Maha Hussain: I think, like anything else, the decision is going to have to be a shared decision based on balancing risks and benefits and based on other factors, confounding factors like comorbidities, concurrent other medications, patient’s desire, do they want to take a pill every day and continue on therapy for months versus get a treatment every three weeks and for a finite period of time and so on.
And what I actually find is that sometimes we as physicians think we know what a patient wants. And yet when you sit down and have a conversation with the patients, they have different preferences. So to me, the good news is the patient has choices and there are some treatments that might be feasible earlier and when the disease gets out of control, it may not be easy to give because of issues of side effects and things of that sort. You know what I’m saying?
To give chemo you have to feel that it can be given safely. Somebody may be able to get a pill, but not necessarily undergo chemotherapy if their health is not great at that moment. So this is the kind of stuff that one has to balance.

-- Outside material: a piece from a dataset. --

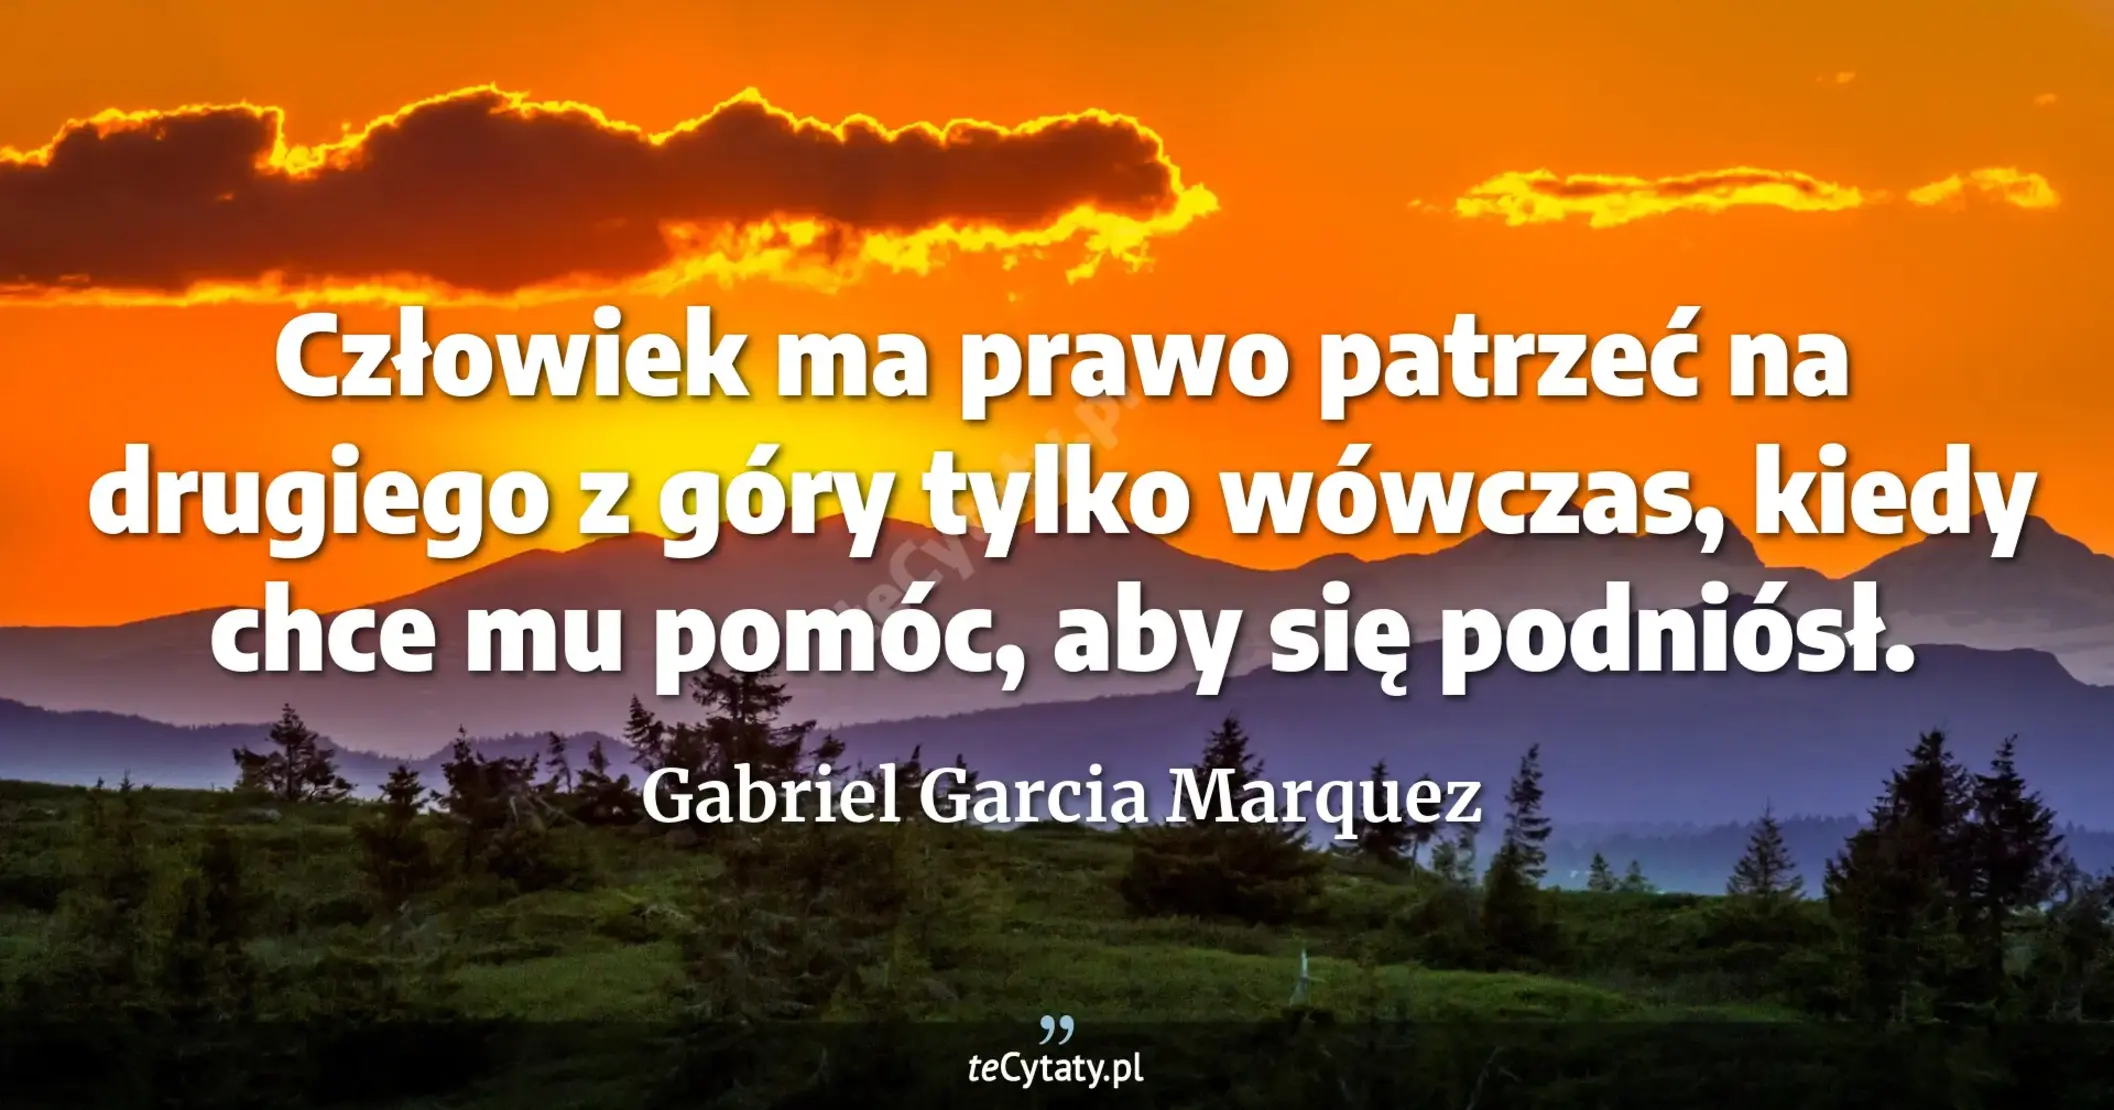 Człowiek ma prawo patrzeć na drugiego z góry tylko wówczas, kiedy chce mu pomóc, aby się podniósł. - Gabriel Garcia Marquez

Alicia Morgans: Absolutely. I agree and I appreciate all of those thoughts and really a message that we try to make sure that people hear is that when we do have choices, engaging patients to hear what they actually want is going to be, I think, one of the most powerful things that we can do as physicians. So, thank you for that. Now any closing thoughts or take home messages that you want the audience to know about?
Maha Hussain: No, other than I think the critical part I think is we’ve entered a new era and I call it a new world order in prostate cancer and that prostate cancer has lagged behind other solid tumors when it comes to precision medicine and targeted therapy. Obviously AR therapy is targeted, but we obviously do not pre-select. And this is the first time that we’re actually in a mode of targeted, based on pre-selection for potential responsiveness to treatment.

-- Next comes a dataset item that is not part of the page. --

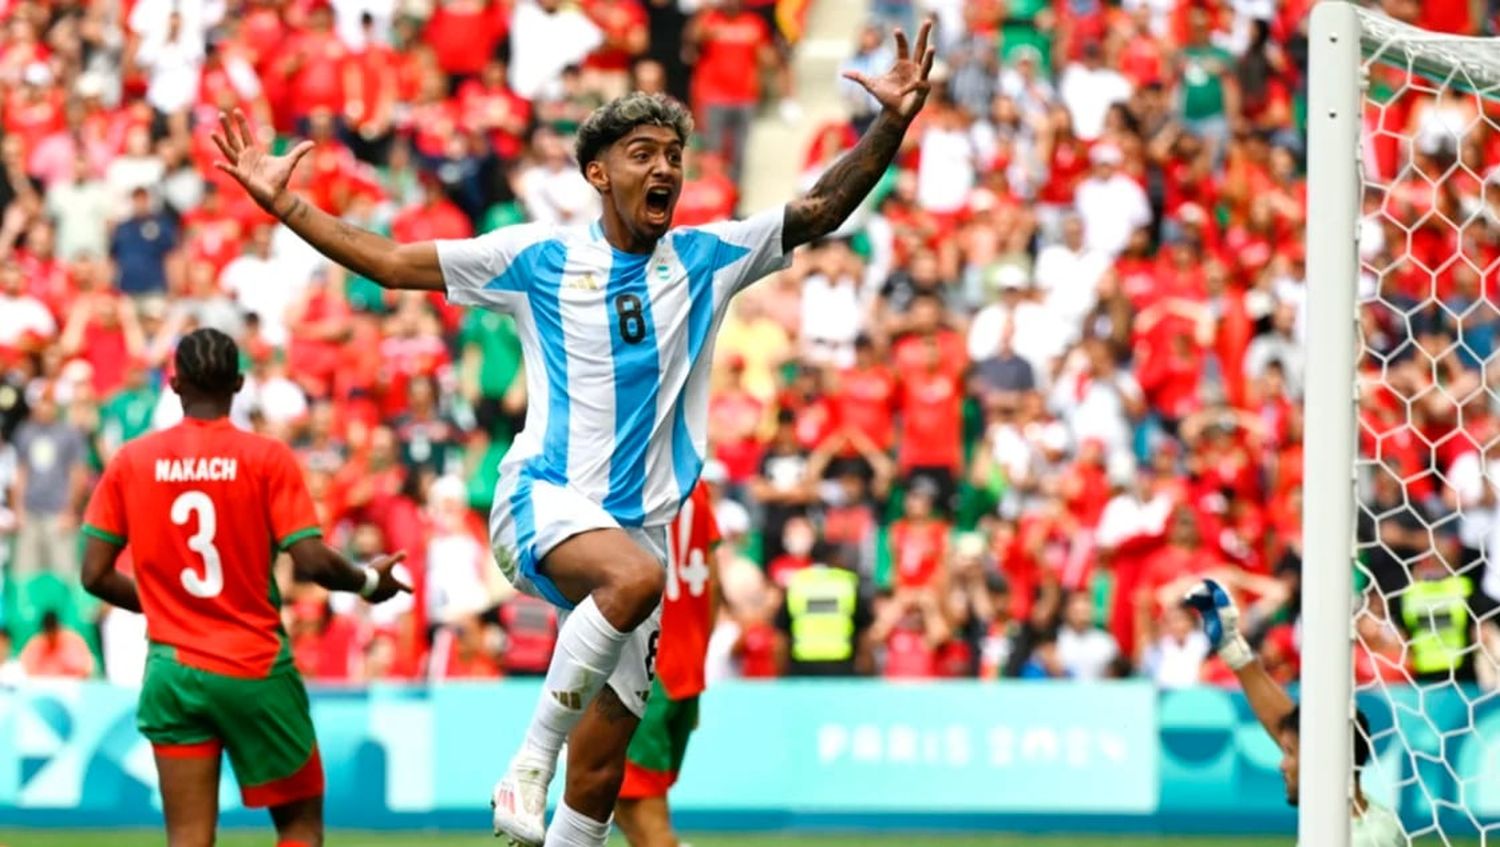 Finalmente, Argentina perdió ante Marruecos en un partido insólito

And as you see, not everybody responds even though when you pre-select them. So I do think the next steps is going to be looking at combination treatment and potentially moving therapy into earlier phases of the disease. Where the potential return on investment, so to speak, in terms of benefits might be higher. So I do think it’s very exciting times.
Alicia Morgans: Wonderful, and congratulations on a wonderful study. I know you were involved with the design from the beginning. Congratulations on finishing the first, like you said, the first study that was able to target these DNA repair defects or any personalization by DNA in a Phase III style in prostate cancer. It’s just a phenomenal effort and really exciting work, so thank you for taking the time to talk with us about it.
Maha Hussain: Thank you Dr. Morgans, and thank you for your audience.